» The records:
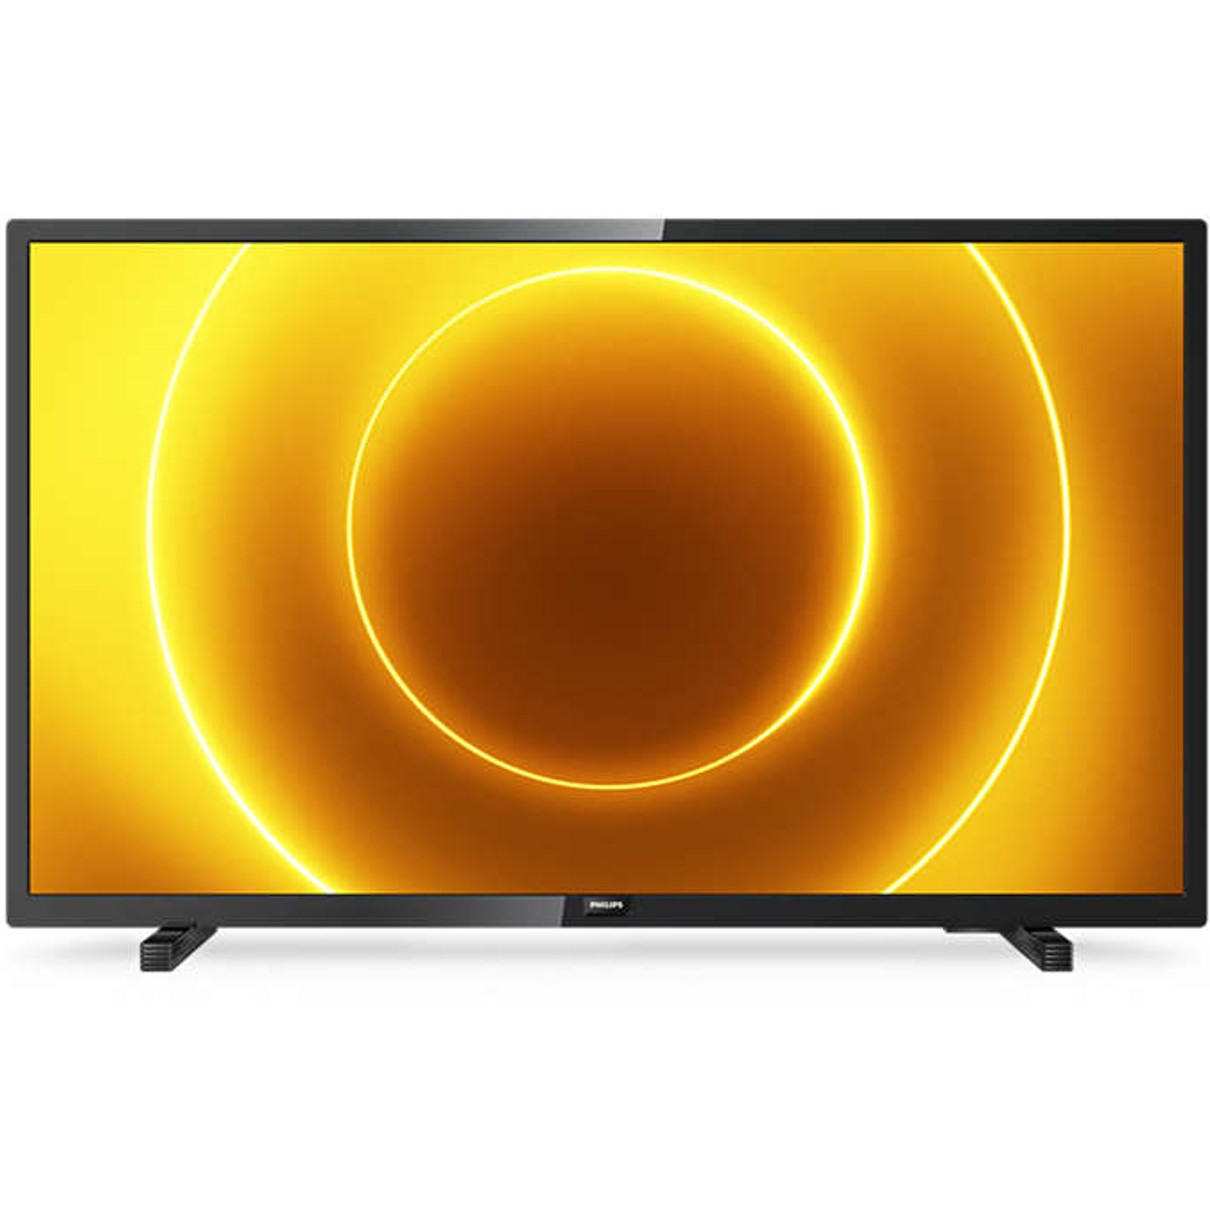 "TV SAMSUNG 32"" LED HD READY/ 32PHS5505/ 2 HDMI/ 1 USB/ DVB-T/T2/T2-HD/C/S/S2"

--

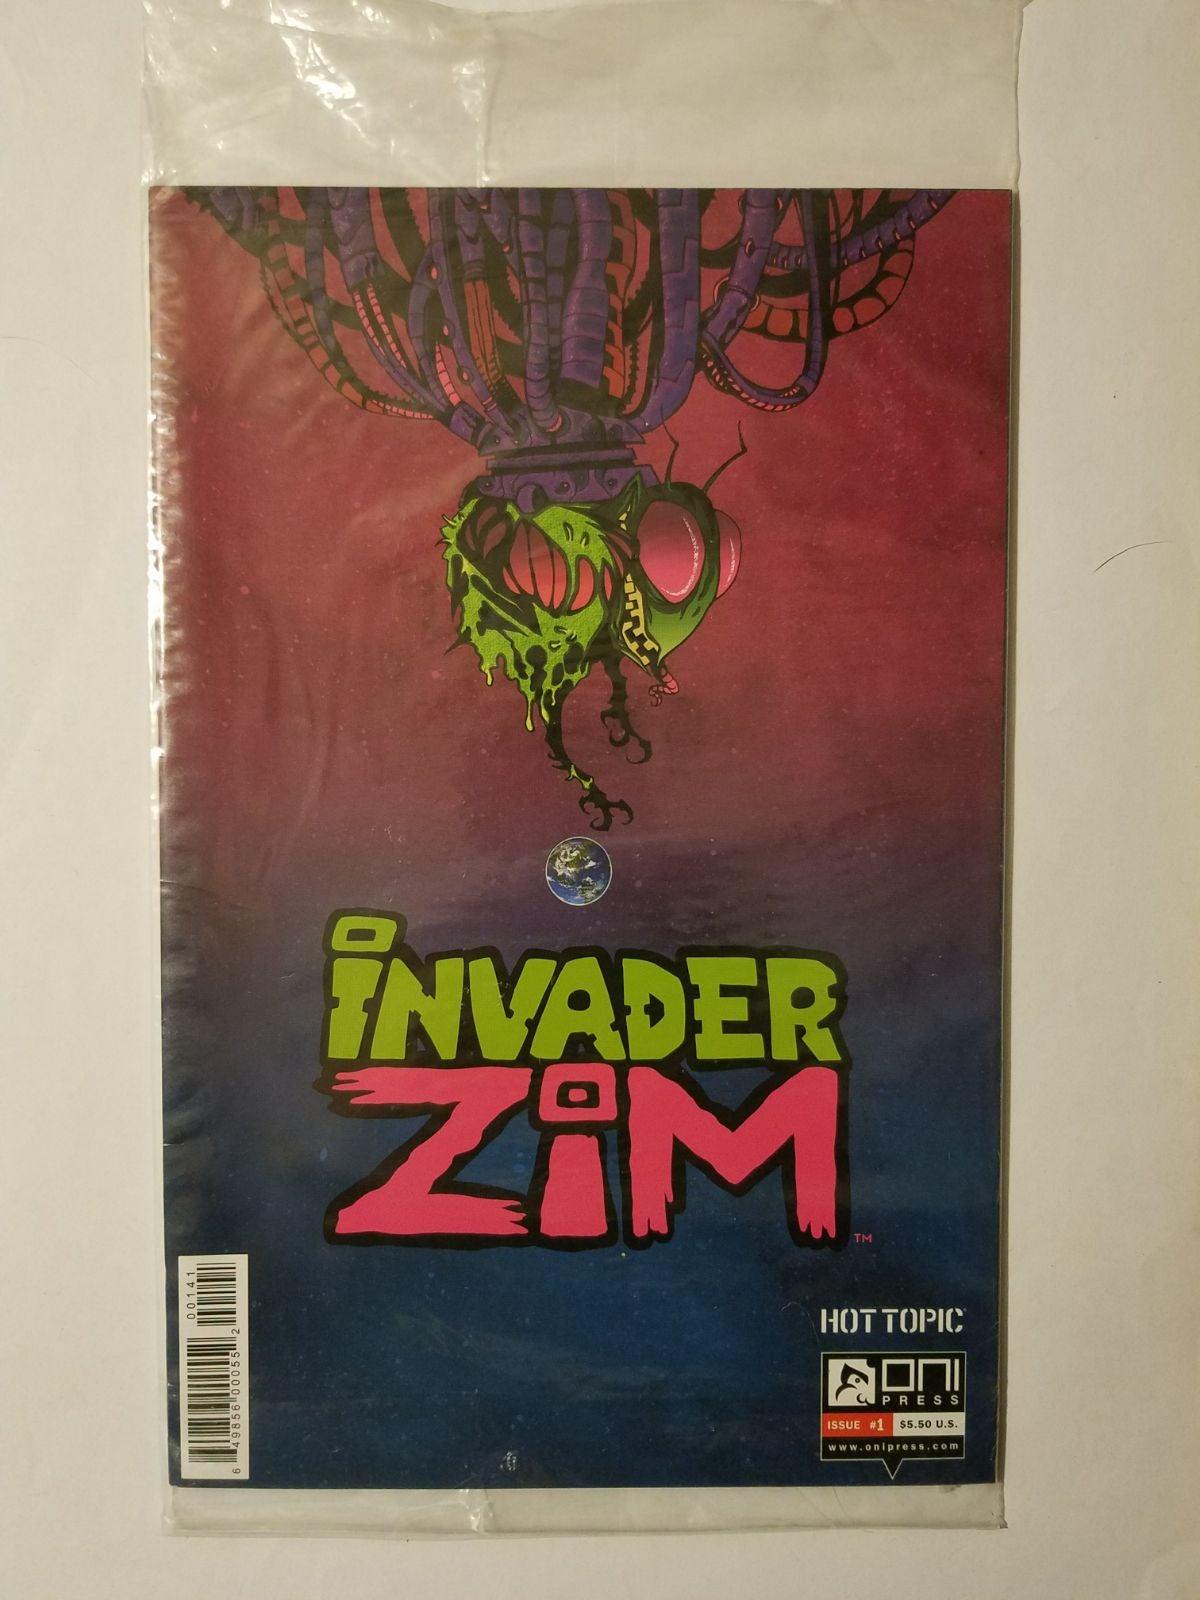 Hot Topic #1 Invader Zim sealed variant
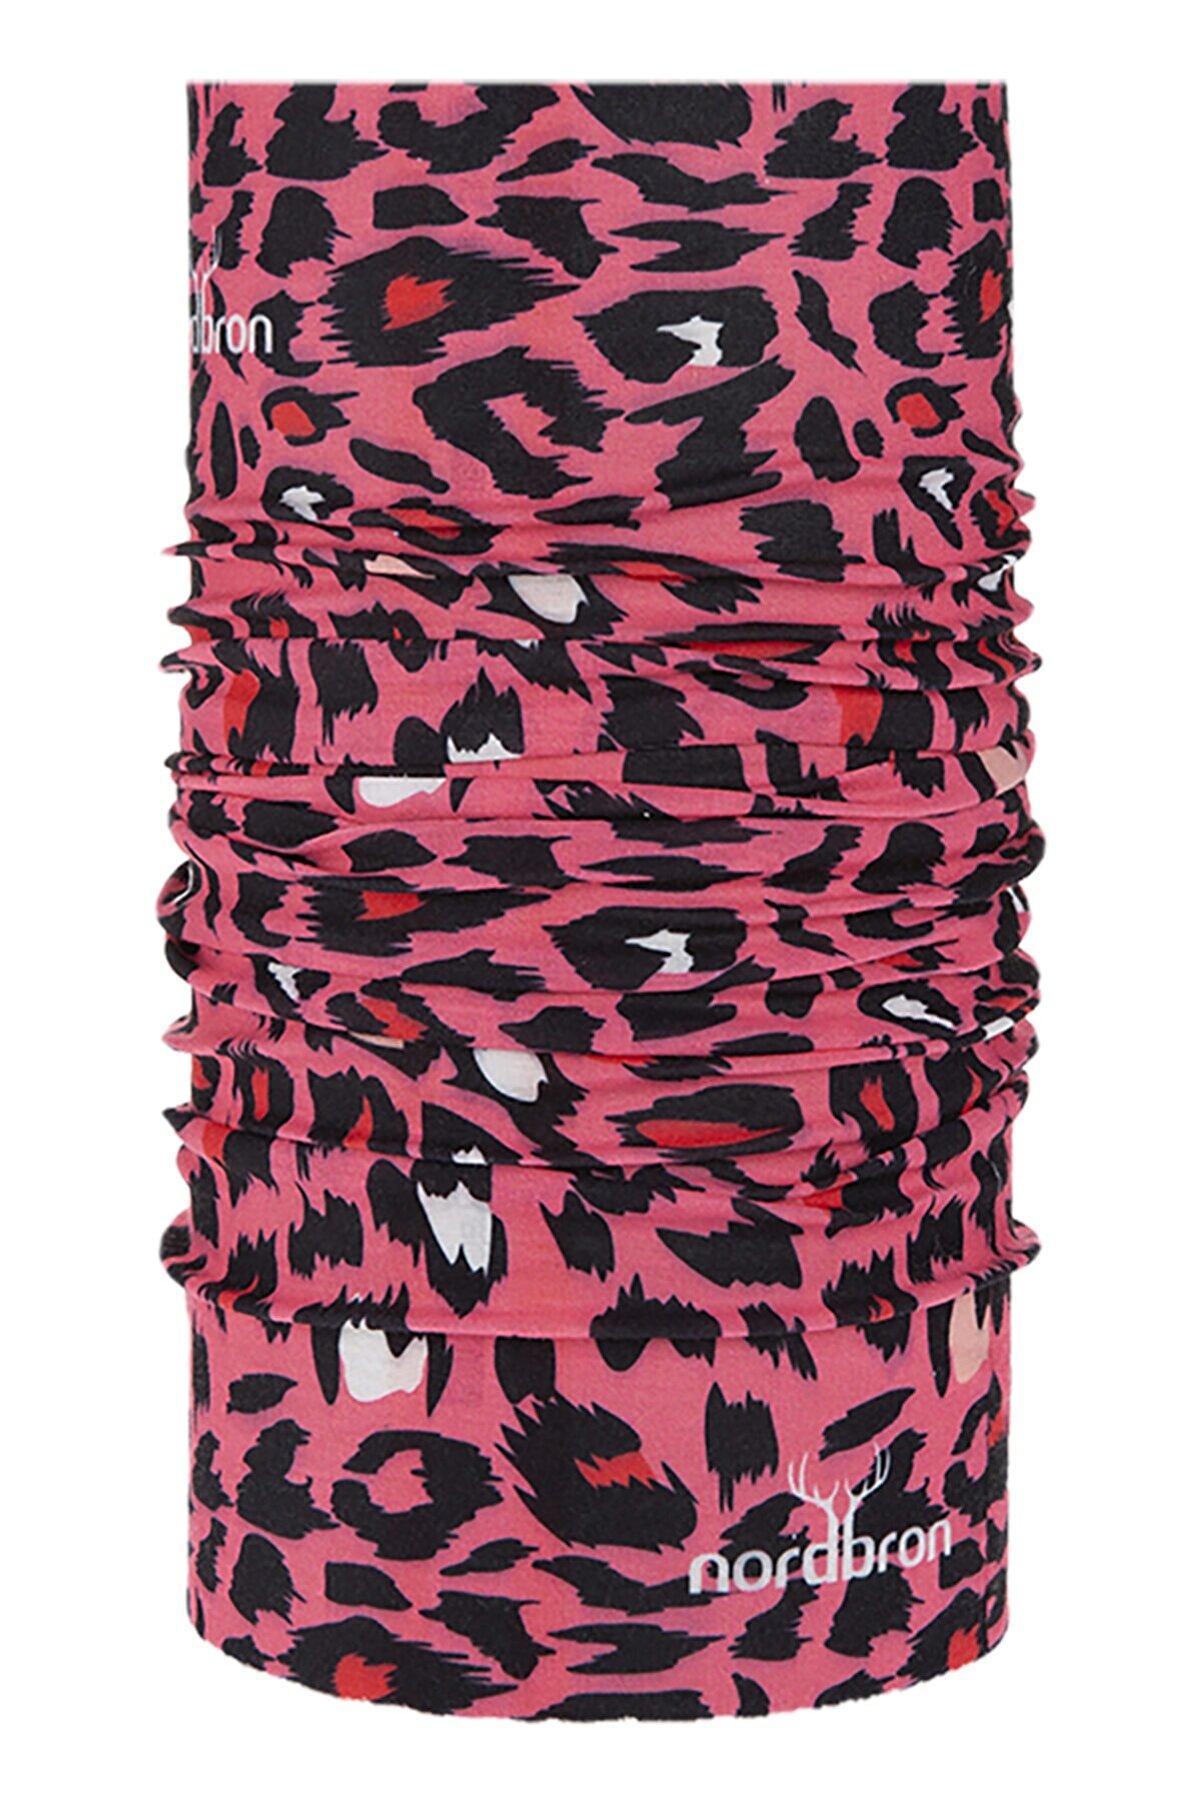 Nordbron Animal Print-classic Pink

» Required work:
Your answer must be everything above from the line with "Hot Topic #1 Invader Zim sealed variant" down to the line with "Nordbron Animal Print-classic Pink", word for word, and no pictures.

» Solution for this problem:
 Hot Topic #1 Invader Zim sealed variant
 Nordbron Animal Print-classic Pink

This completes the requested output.